### Available data
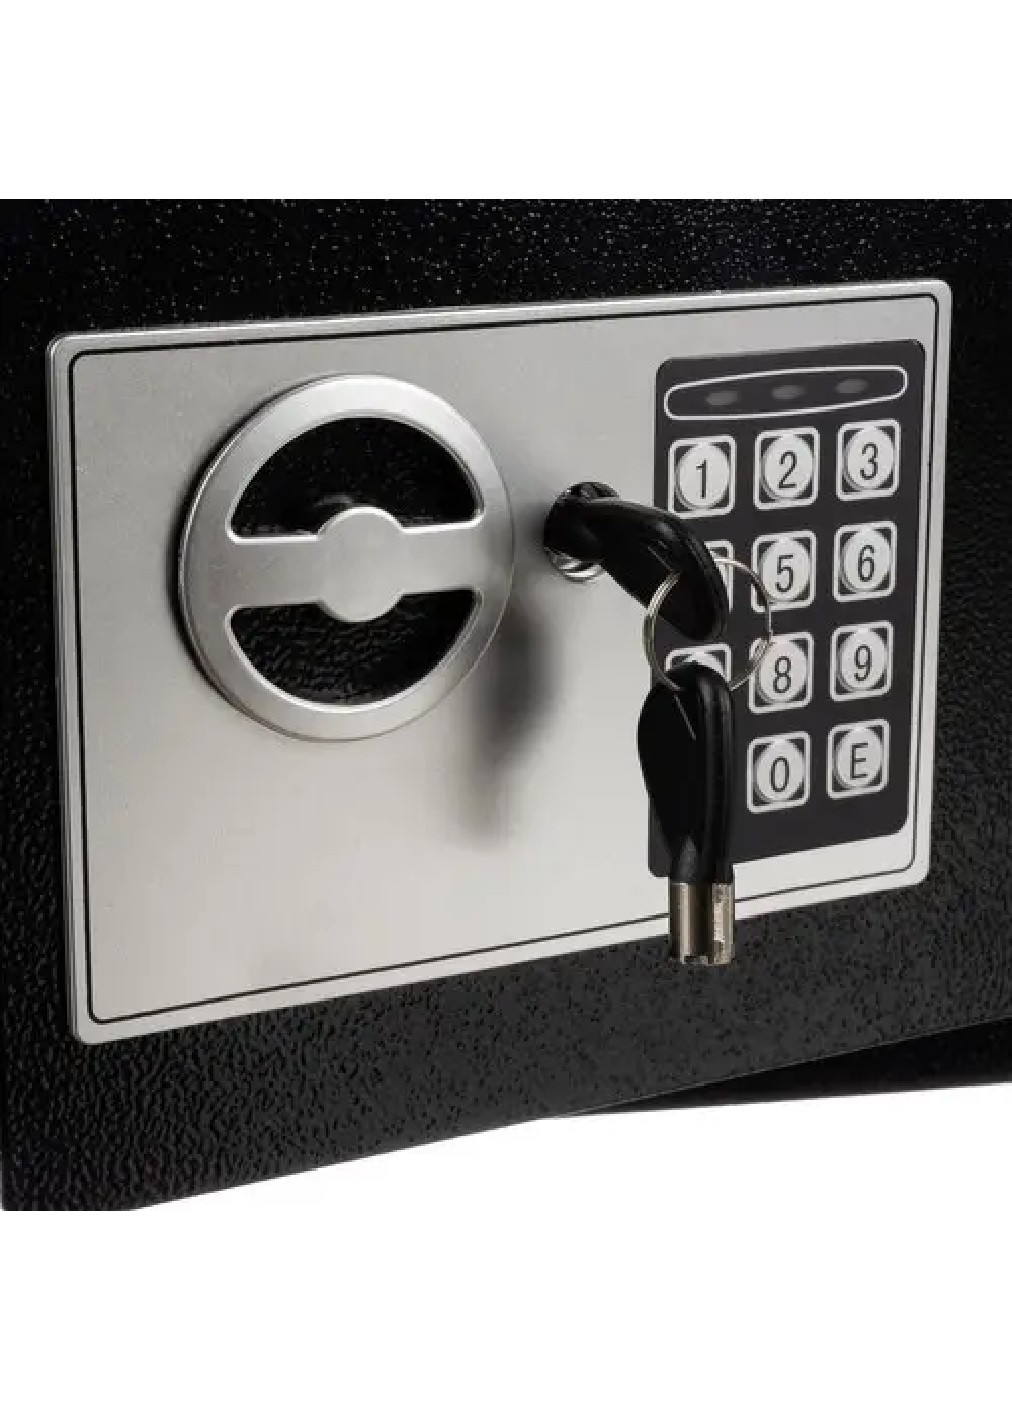 Мебельный металлический сейф с ключами кодом электронным замком для дома офиса 20х31х20 см (475482-Prob) Черный Unbranded (268024579)
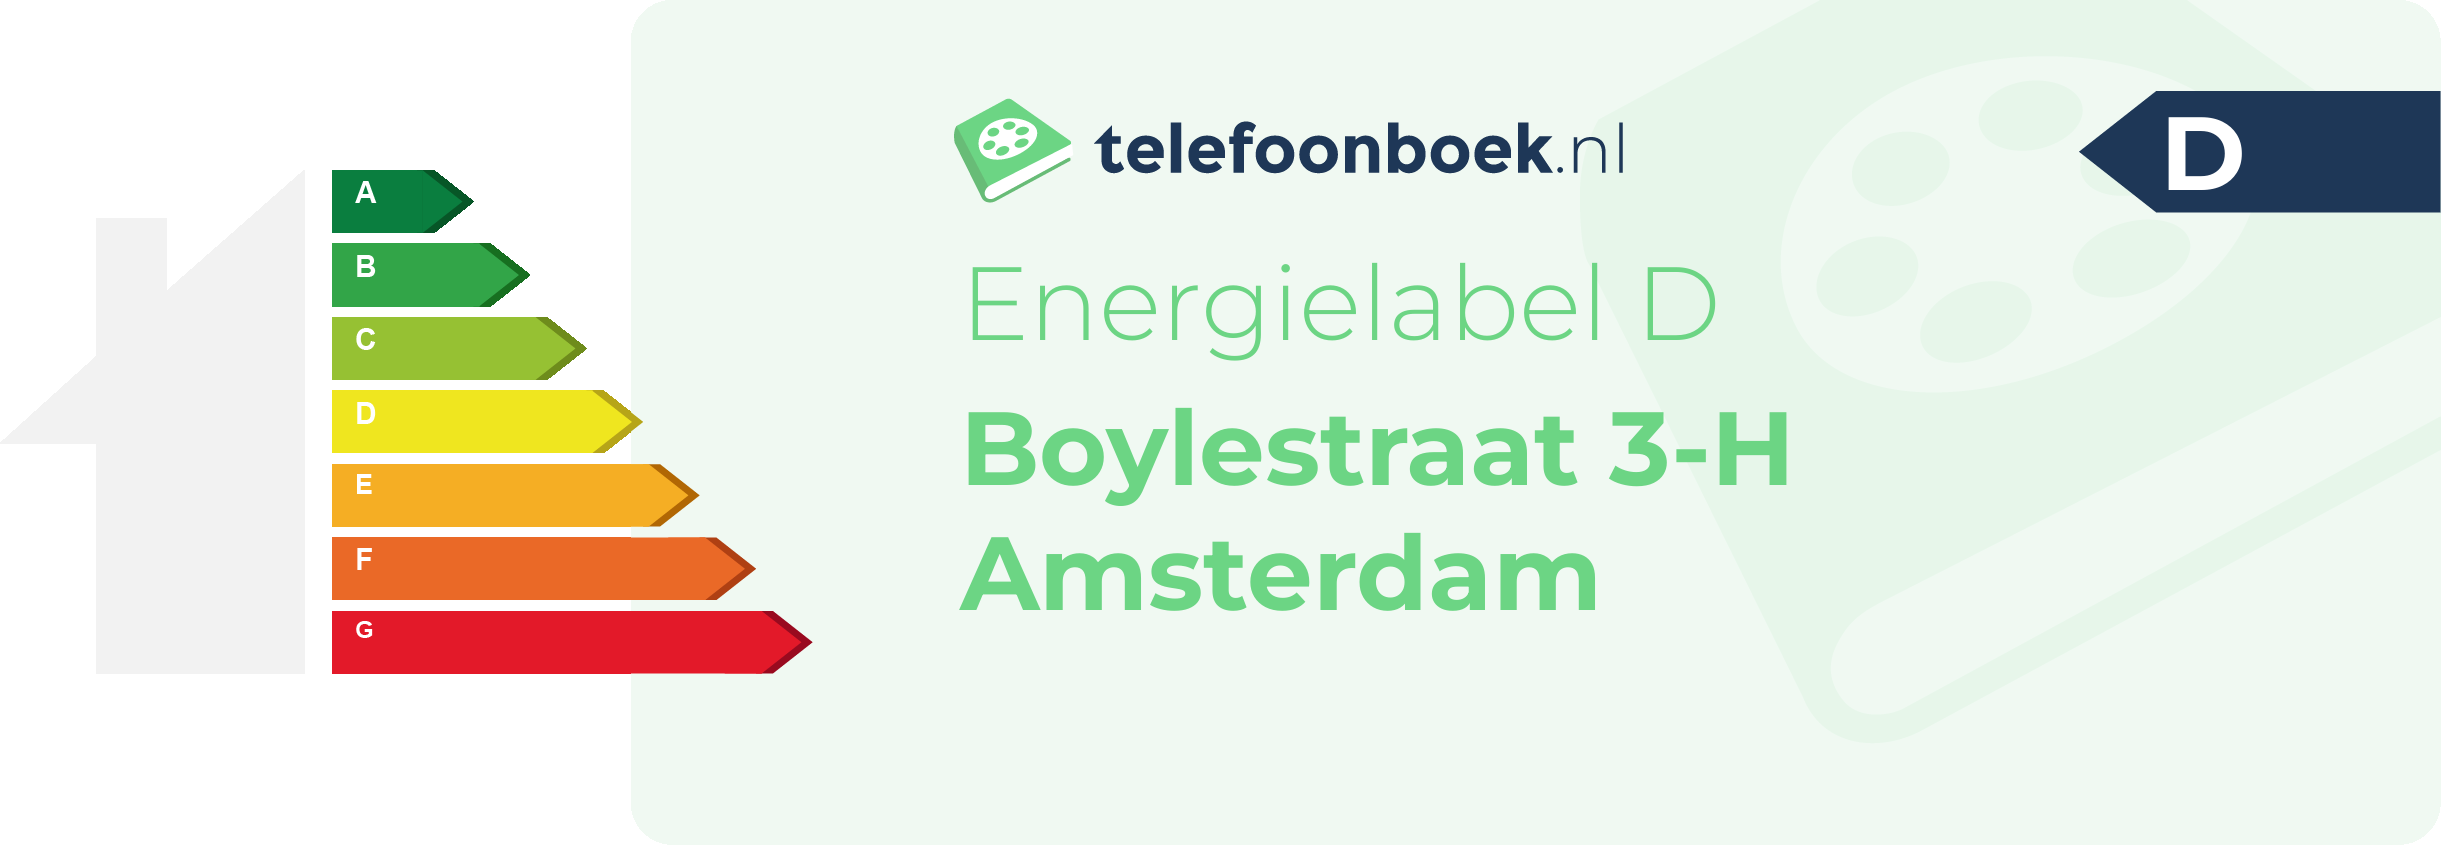 Energielabel Boylestraat 3-H Amsterdam
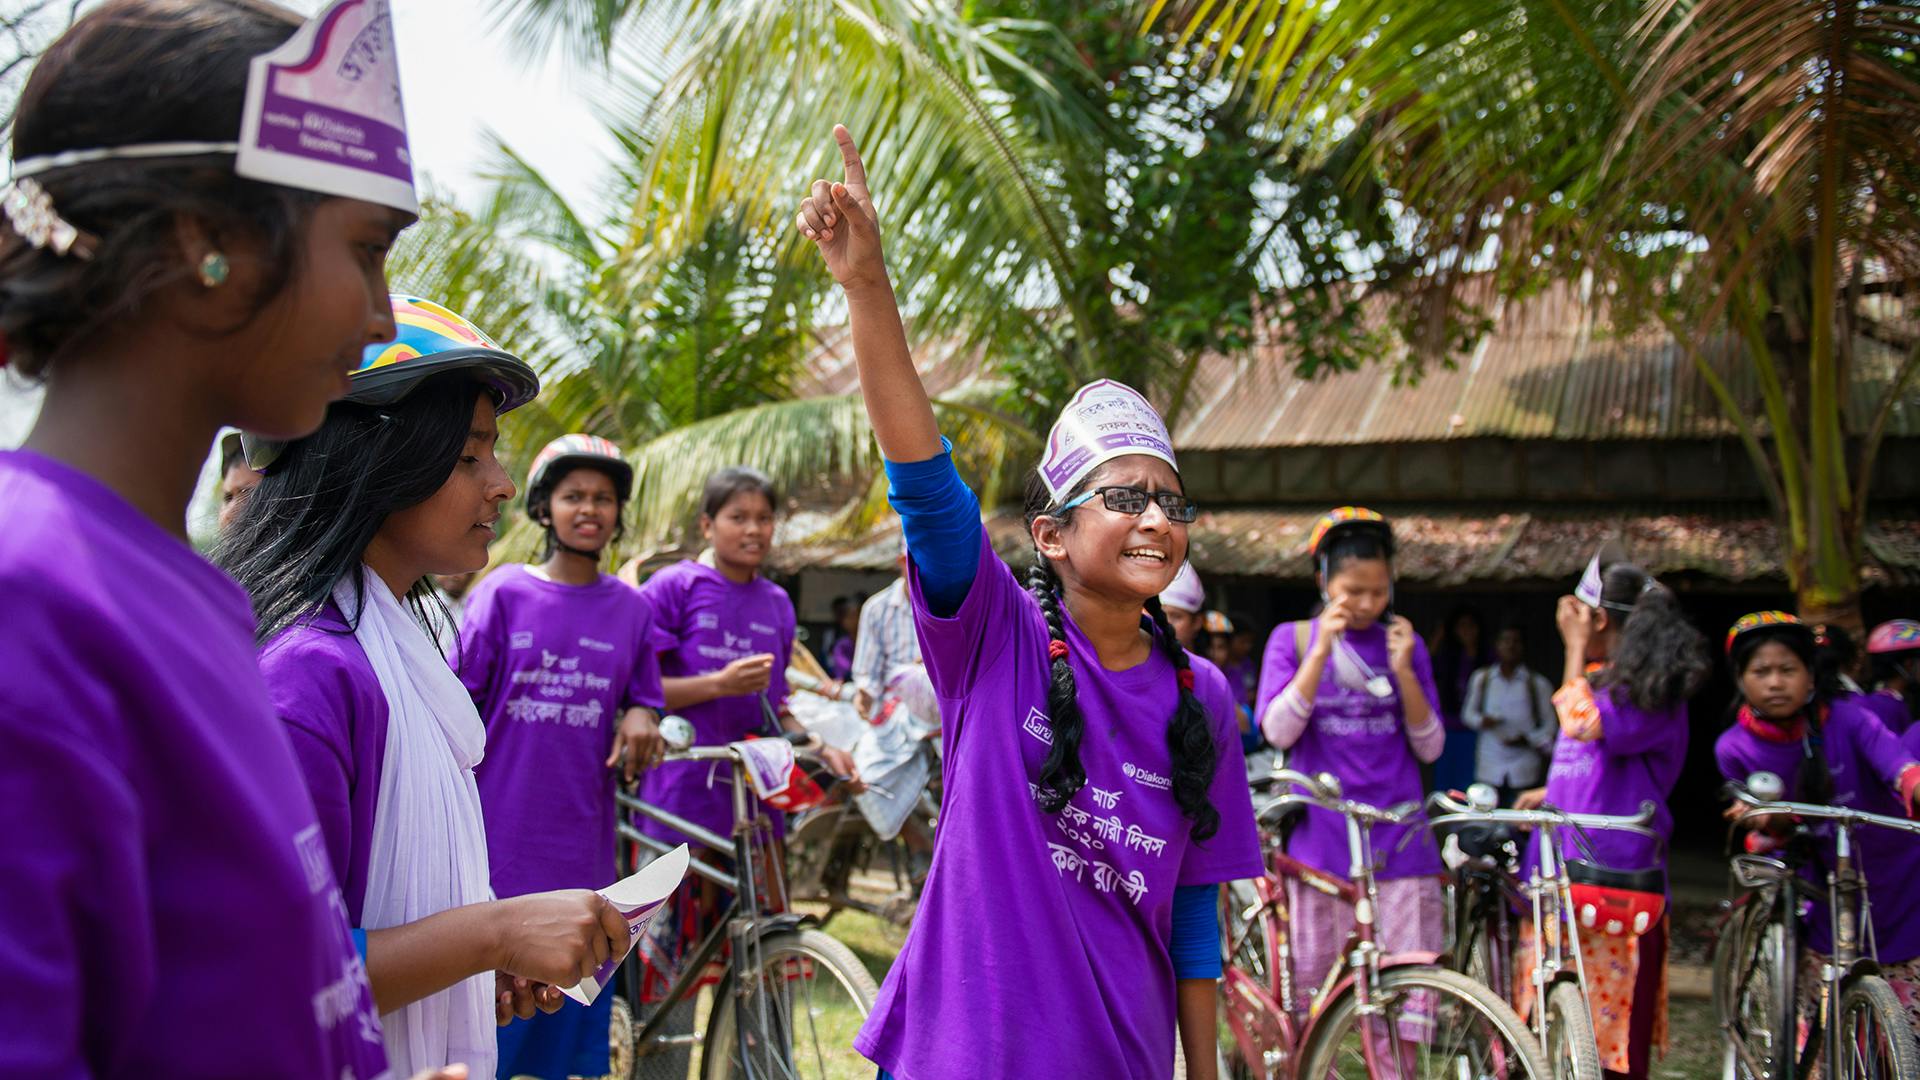 En flicka står mitt i en grupp av andra flickor med cyklar och pratar och gestikulerar med handen. Alla flickor har likadana lila t-shirts på sig.
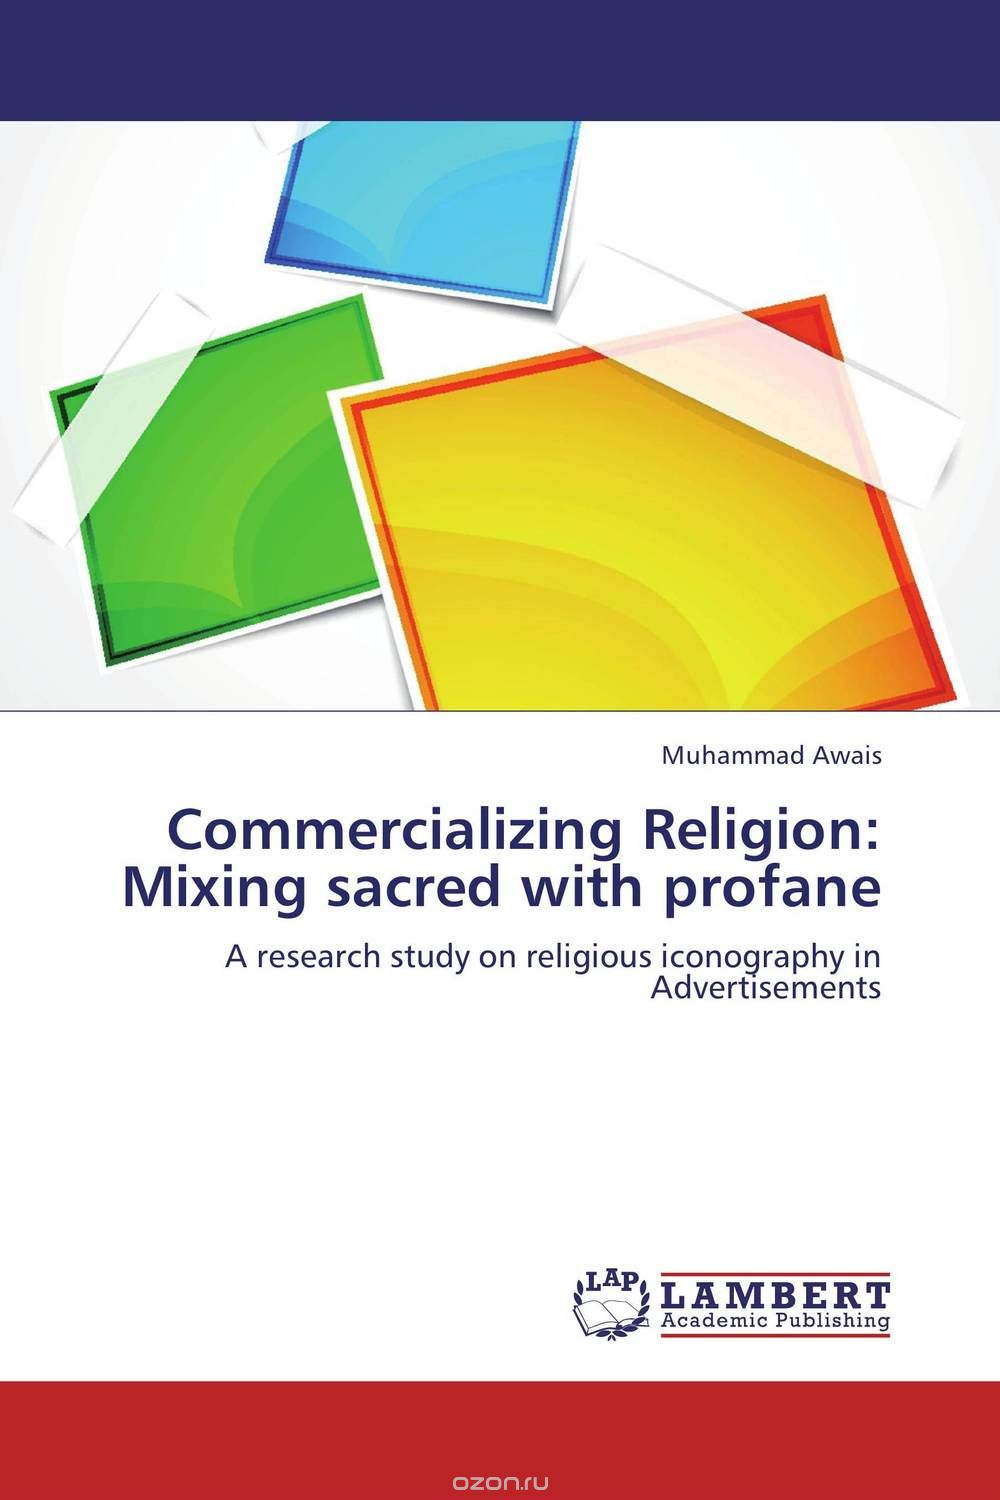 Скачать книгу "Commercializing Religion: Mixing sacred with profane"

### Exercise objective
Only what runs from the line with "En flicka står" through the last line of the listing above belongs in the answer, set down exactly and free of pictures.

### Answer box
 En flicka står mitt i en grupp av andra flickor med cyklar och pratar och gestikulerar med handen. Alla flickor har likadana lila t-shirts på sig.
 Скачать книгу "Commercializing Religion: Mixing sacred with profane"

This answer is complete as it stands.